To avoid the above problem, the implementation can’t use &C::size (or any desired function name) as a template parameter, and the check needs to be split into two parts: checking whether size is a member of T and checking whether it has an acceptable signature.

template<typename T>
struct has_size_method
{
private:
	typedef std::true_type yes;
	typedef std::false_type no;
 
	template<typename C>
	static yes test(int (C::*f)() const){
		return yes{};
	}
 
	template<typename C>
	static yes test(size_t (C::*f)()){
		return yes{};
	}
 
	template<typename C>
	static auto test(decltype(&C::size),void*) -> decltype(test(&C::size)){
		return test(&C::size);
	}
 
	template<typename C>
	static no test(...){
		return no{};
	}
 
public:
 
	static constexpr bool value = std::is_same<decltype(test<T>(0,0)),yes>::value;
};

It works correctly in all most required cases and can be easily modified to account for different signatures.
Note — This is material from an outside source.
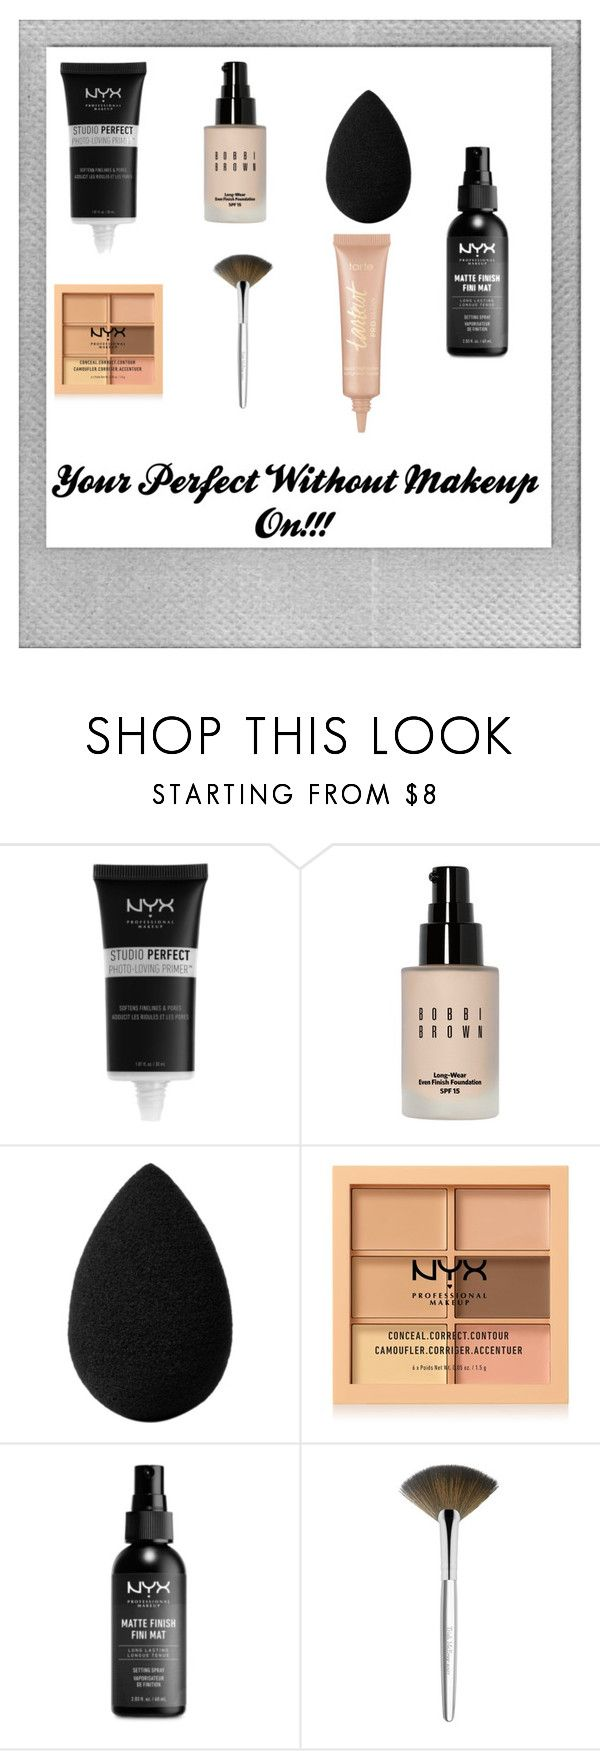 """Lazy Day Makeup"" by kiyakay7 ❤ liked on Polyvore featuring Polaroid, NYX, Bobbi Brown Cosmetics, beautyblender, Trish McEvoy and tarte"
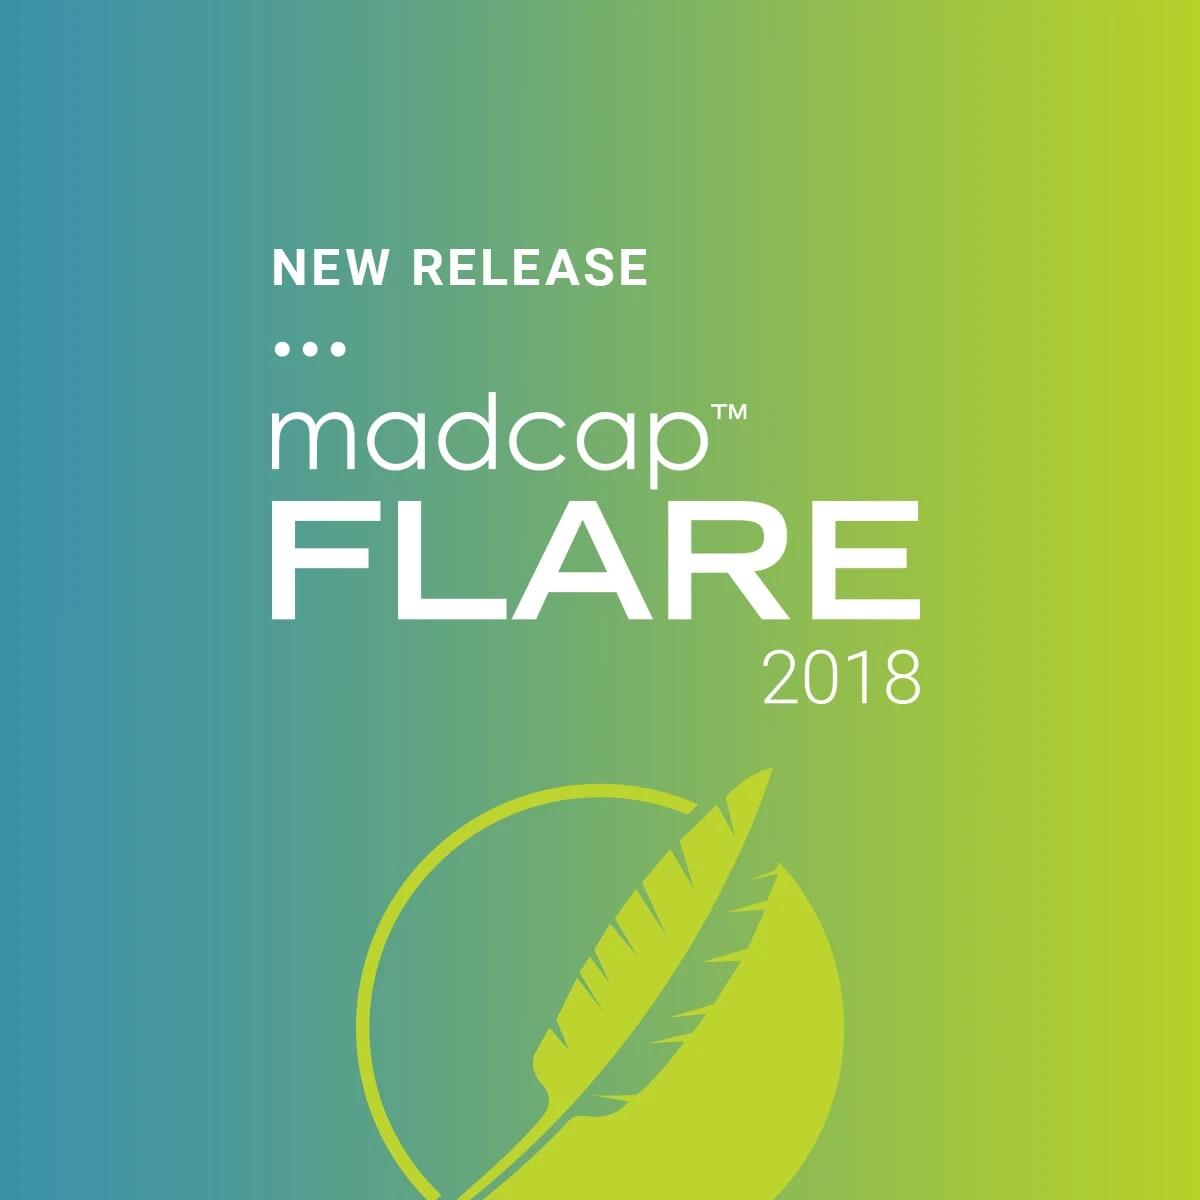 New Release MadCap Flare 2018

If constexpr was changed to const (as VC11 with CTP doesn’t seem to recognize this keyword) the above code would compile and work correctly on GCC, clang and MSVC11. If you’re bound to support VS11 this is the best you can do. This solution was inspired by Mike Kinghan’s answer on stackoverflow and, even though the it is not perfect, I recommend reading his post there.

The real real deal

After this was posted on reddit, STL pointed out (thanks!) that that there is a vastly superior solution to this problem – Expression SFINAE. It allows not only cleaner code, but also clear stating of the intent by showing the usage (although that may cause some implementation details to leak out if you’re not careful).

template<typename T>
struct has_size_method
{
private:
	typedef std::true_type yes;
	typedef std::false_type no;
 
	template<typename U> static auto test(int) -> decltype(std::declval<U>().size() == 1, yes());
 
	template<typename> static no test(...);
 
public:
 
	static constexpr bool value = std::is_same<decltype(test<T>(0)),yes>::value;
};

The only drawback: it doesn’t work on VC11 (or older).

The Boost way

The upcoming version 1.54 of Boost will contain Boost.TTI library, which offers very similar functionality, but it suffers from the same problem (though with Boost I’m more inclined to say that it’s a design decision) that the first solution does – inherited functions are invisible:

#include <iostream>
#include <iomanip>
#include <type_traits>
#include <sstream>
 
#include <boost/tti/has_member_function.hpp>
 
struct int_size{
	int size() const { return 42; };
};
 
struct derived_int_size : int_size{};
 
struct size_t_size{
	std::size_t size() const { return 42; }
};
 
struct derived_size_t_size : size_t_size{};
 
struct void_size{
	void size() {}
};
 
struct no_size{};
 
struct template_int_size{
	template<typename=int>
	int size() const { return 42; }
};
 
struct overloaded_size{
	size_t size() const { return 42; }
	int size() { return 41; }
};
 
 
BOOST_TTI_HAS_MEMBER_FUNCTION(size)
 
int main()
{
	using namespace std;
 
#define dbg(x) { stringstream s; s << boolalpha << left << setw(8) <<\
	(has_member_function_size<x,size_t,boost::mpl::vector<>, boost::function_types::const_qualified>::value ||\
	has_member_function_size<x,int,boost::mpl::vector<>, boost::function_types::const_qualified>::value)\
	<< #x; cout << s.str() << endl; }
 
	dbg(int_size);
	dbg(derived_int_size);
	dbg(size_t_size);
	dbg(derived_size_t_size);
	dbg(void_size);
	dbg(no_size);
	dbg(template_int_size);
	dbg(overloaded_size);
}

Output

true    int_size
false   derived_int_size
true    size_t_size
false   derived_size_t_size
false   void_size
false   no_size
true    template_int_size
true    overloaded_size

Conclusion

A simple Google search will give plenty of results for this problem, but they are mostly links to the naïve solution (1, 2, 3, 4). The correct way to do it is either to roll your own type trait using Expression SFINAE or use Boost’s solution.

For a description of overload resolution mechanisms, there’s an excellent overview published by ACCU, and if you’re interested in checking how far you can go with it, the fantastic write-up on Flaming Dangerzone is a must read.